If you asked me to list the three most frustrating things I experience as a software developer, I would probably say:

  1. Performing manual repetitive tasks
  2. Long (and usually unstable) test runs
  3. The backlog

While the first two items are quite straightforward, you might ask yourself why I am so frustrated with backlogs.While in theory the backlog is a list of known issues for tackling later, in practice I find that the backlog usually becomes an “unpopular task abyss” into which we throw all of the “non-critical issues” we find.

But due to the never-ending roadmap and feature requests, we don’t really know when (and if) we’ll ever get to cleaning up that mess. Instead, we find ourselves opening a “Refactor X” JIRA and throwing it into some “Technical Debt” epic. (There is a quite heavily discussed “Zero bug policy” topic that I am fond of, but this can be a subject for a future blog post).
Are we destined to keep coding features or debugging issues with poorly written classes or needlessly complicated flows?

The Solution: A Quality Sprint

As developers, we need to understand and live with the Quality vs. Quantity tradeoff. So while we can’t just sprint forward without stopping to see that our platform still works properly, we also can’t refactor our current code all of the time without adding value to our customers.

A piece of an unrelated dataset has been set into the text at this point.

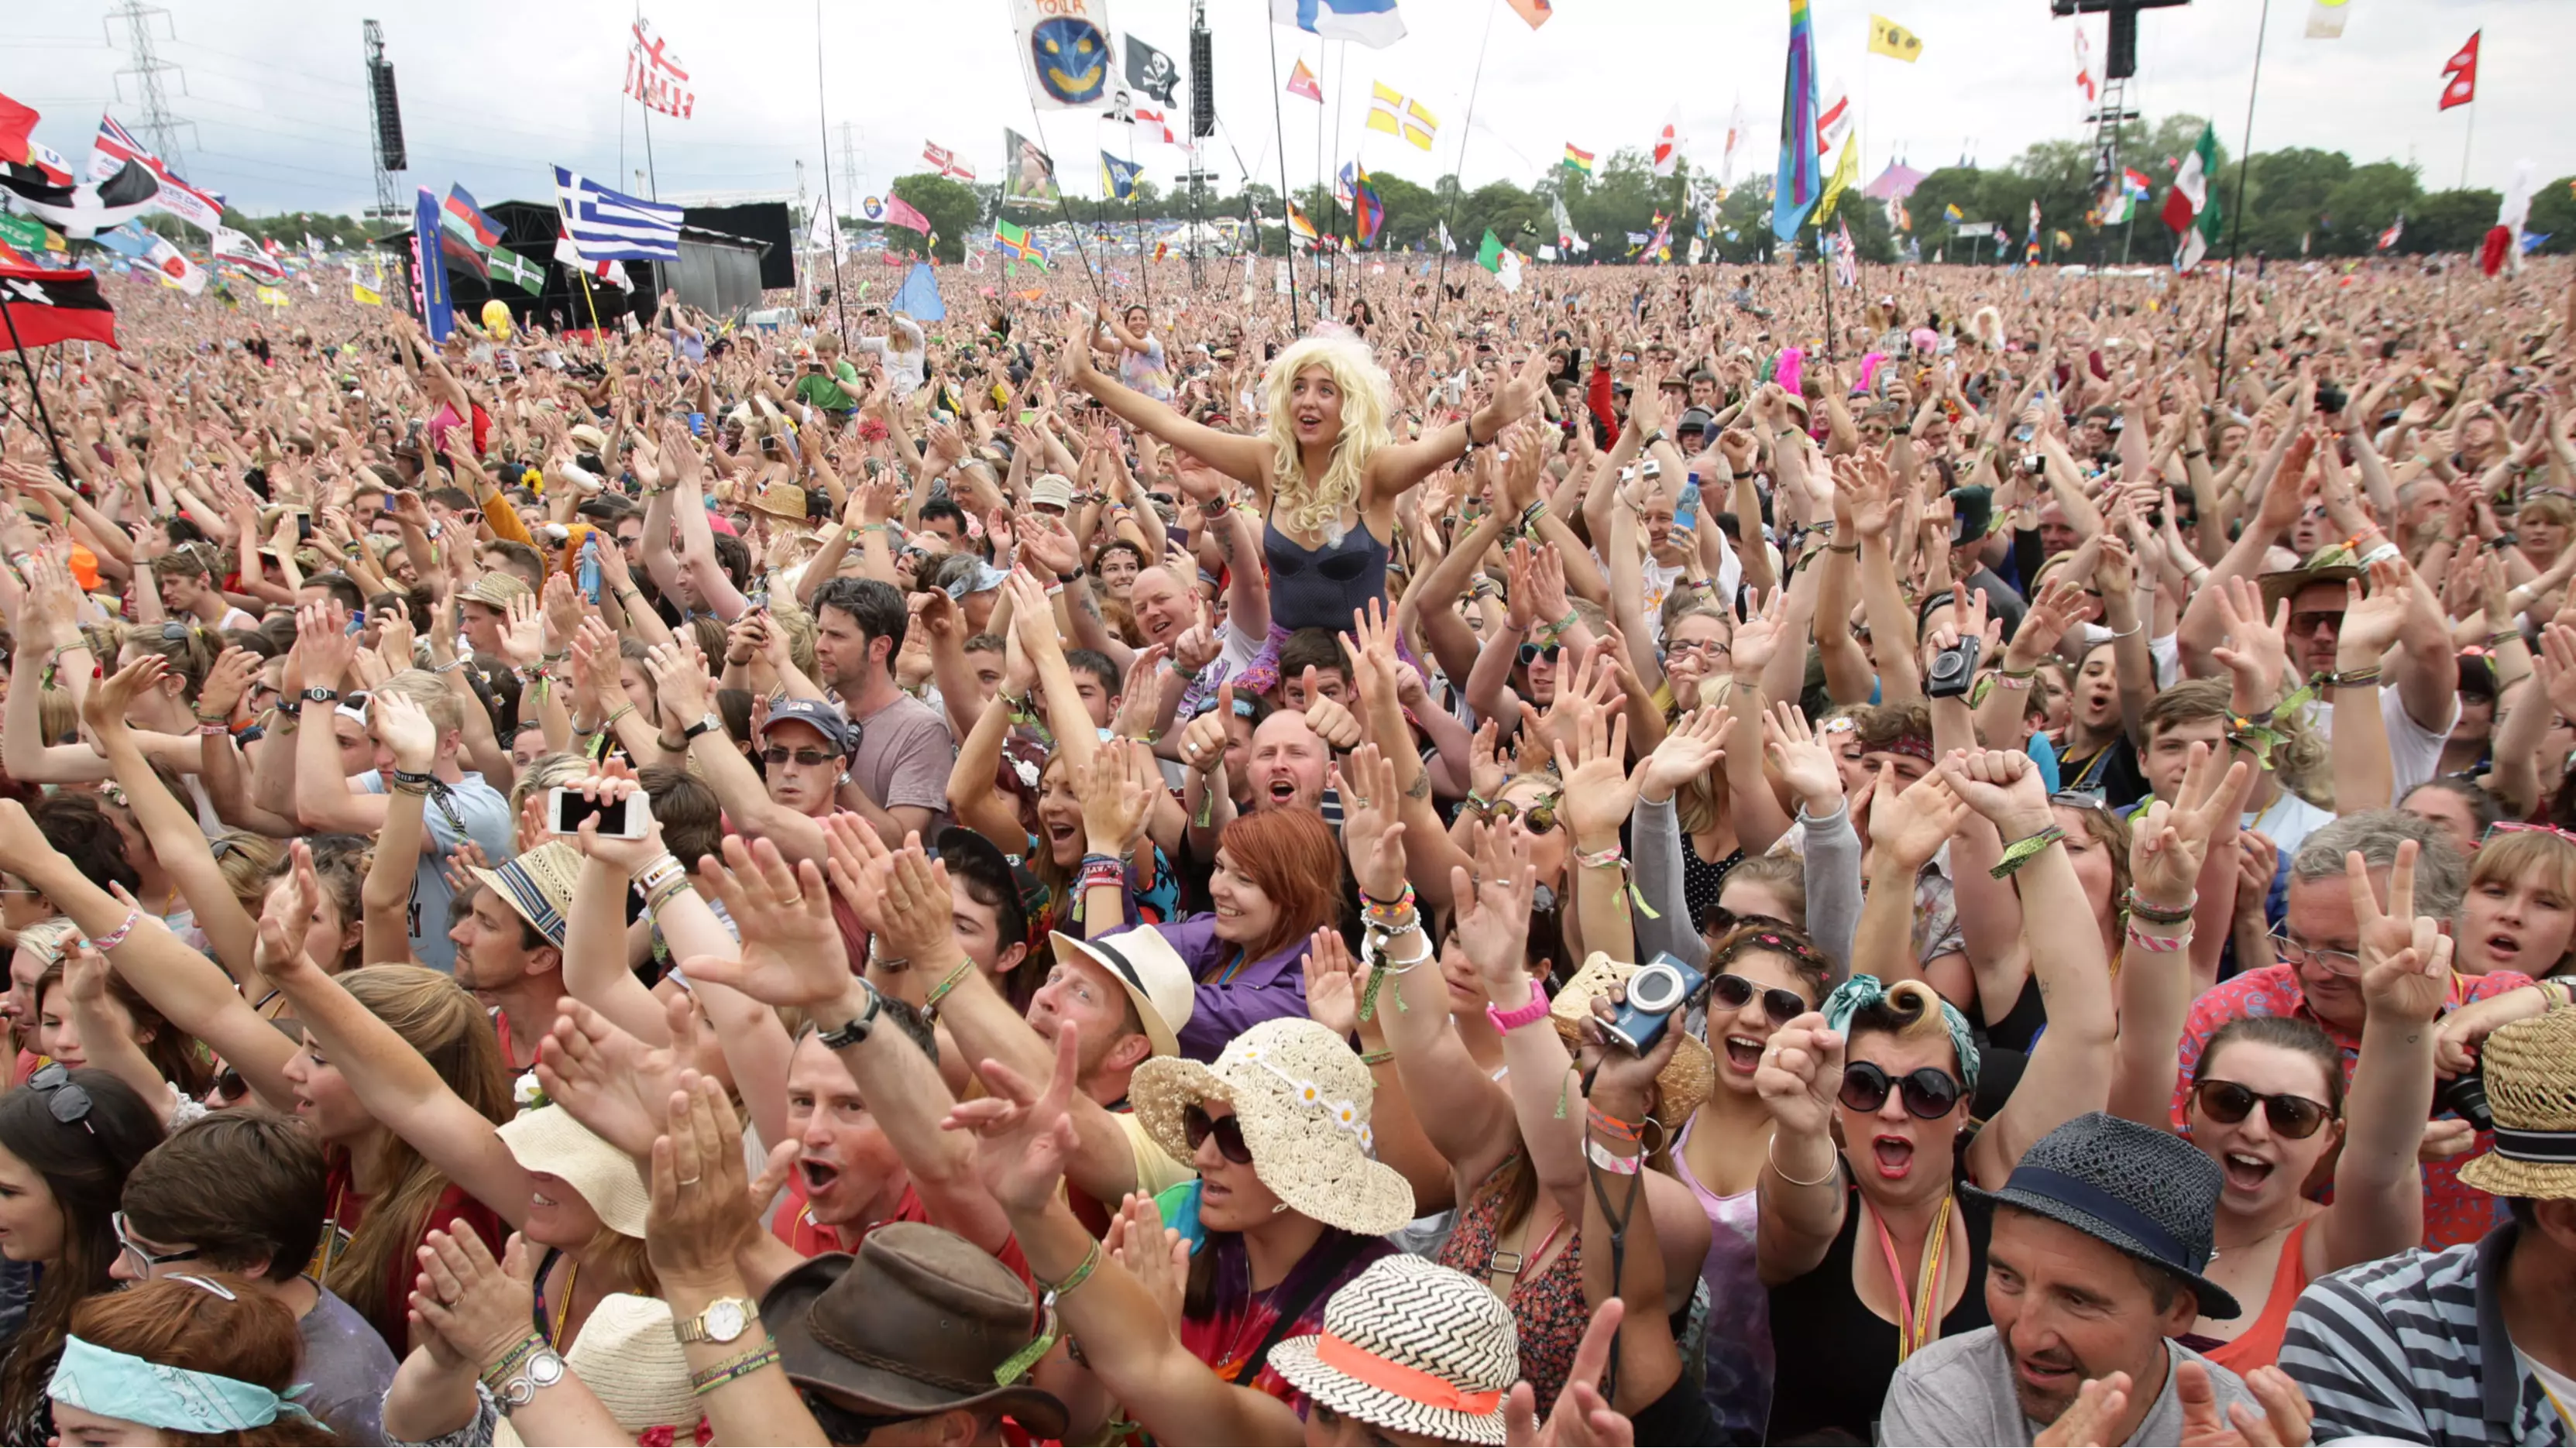 Glastonbury 2020 Ticket Sales Opens This Week: Registration, Coach Packages And Sign Up Details
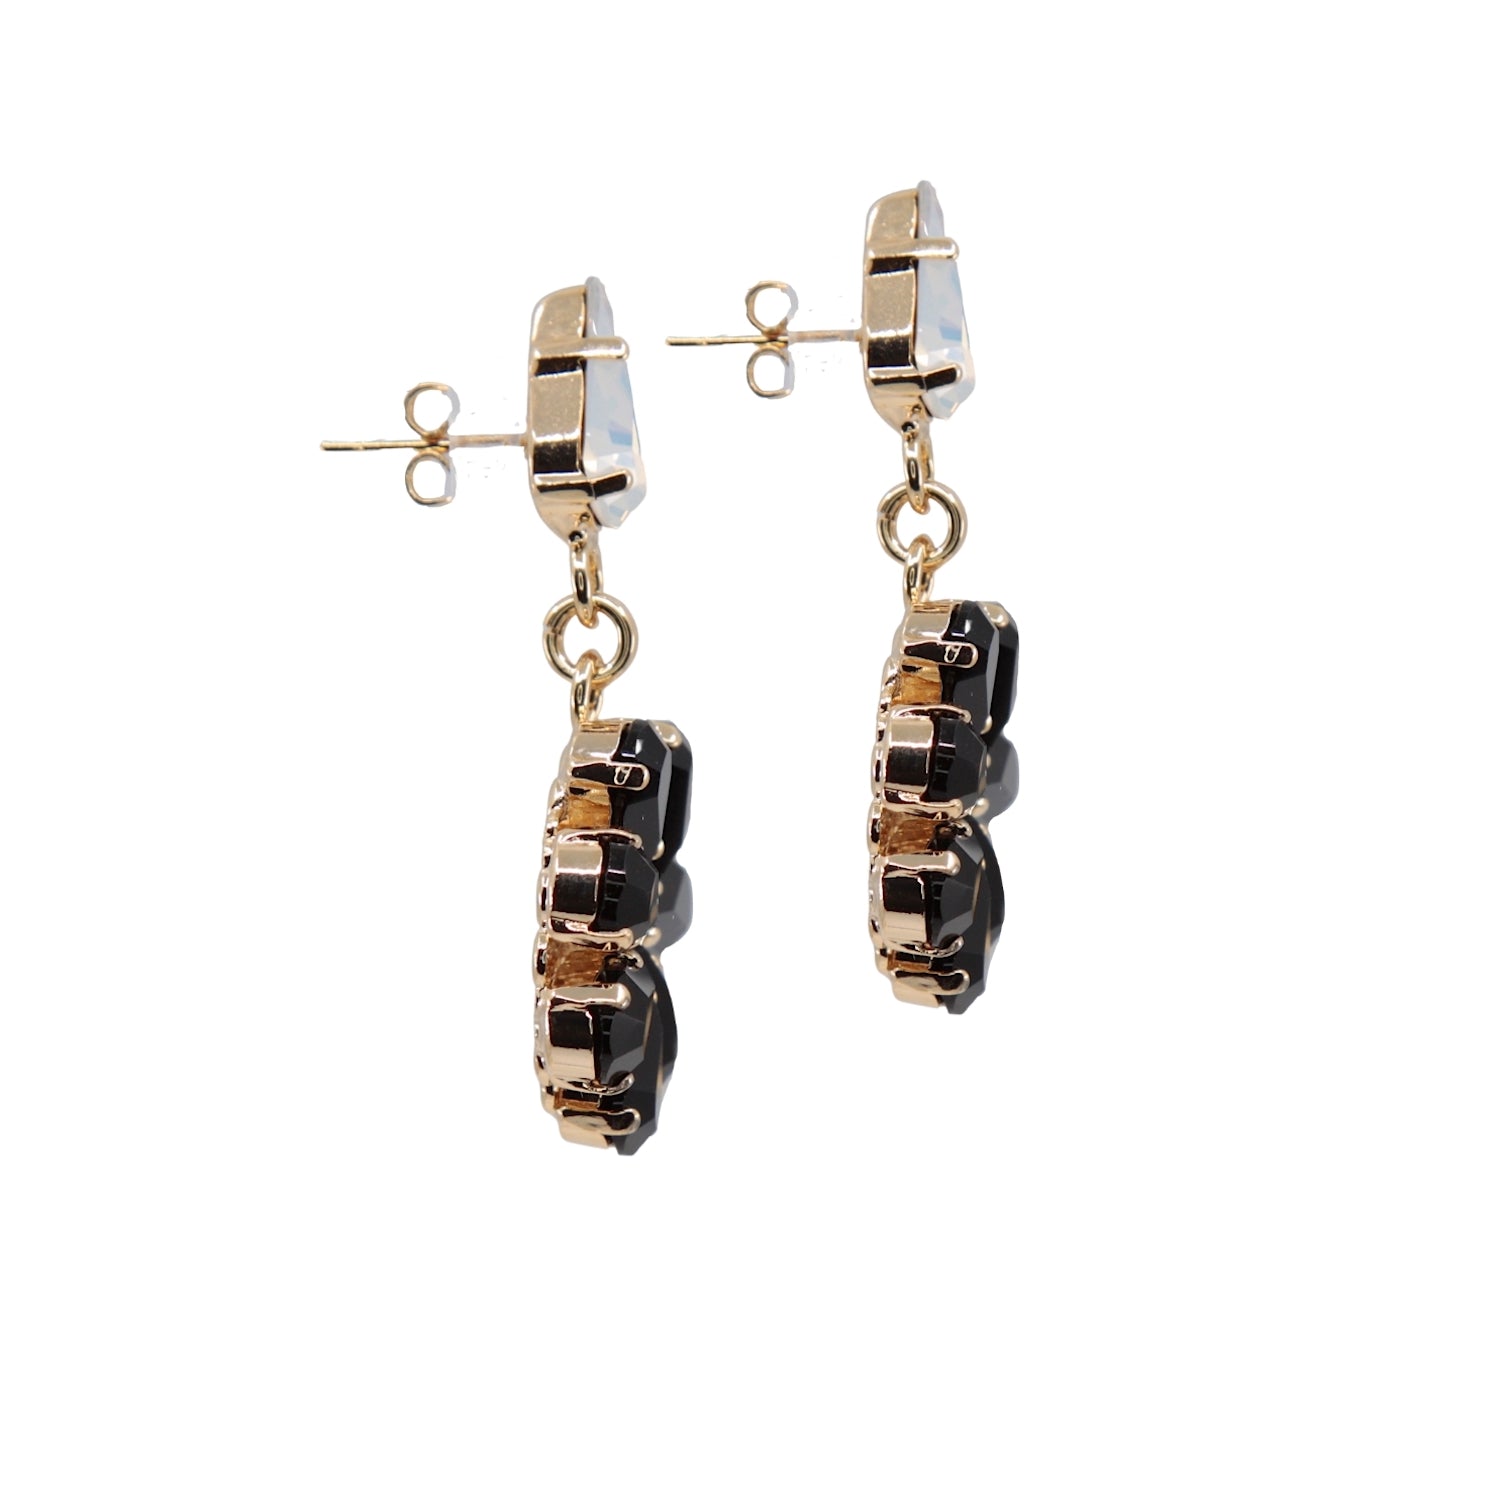 Daisy Pendant Earrings With Crystal Drops In Onyx And Opal Shades.

A good solution in my opinion is a Quality Sprint / Quality Week. These are dedicated timeframes during which everyone on the engineering team stops their day-to-day work and focuses on fixing the development pains that hold us back and cause us frustration.

A quality sprint starts with the development team going over the “backlog” and choosing the issues that trouble them most. It could be things like adding test coverage to flows that break often, refactoring specific classes that have become too hard to read or enhancing monitoring capabilities to be better prepared for future debugging.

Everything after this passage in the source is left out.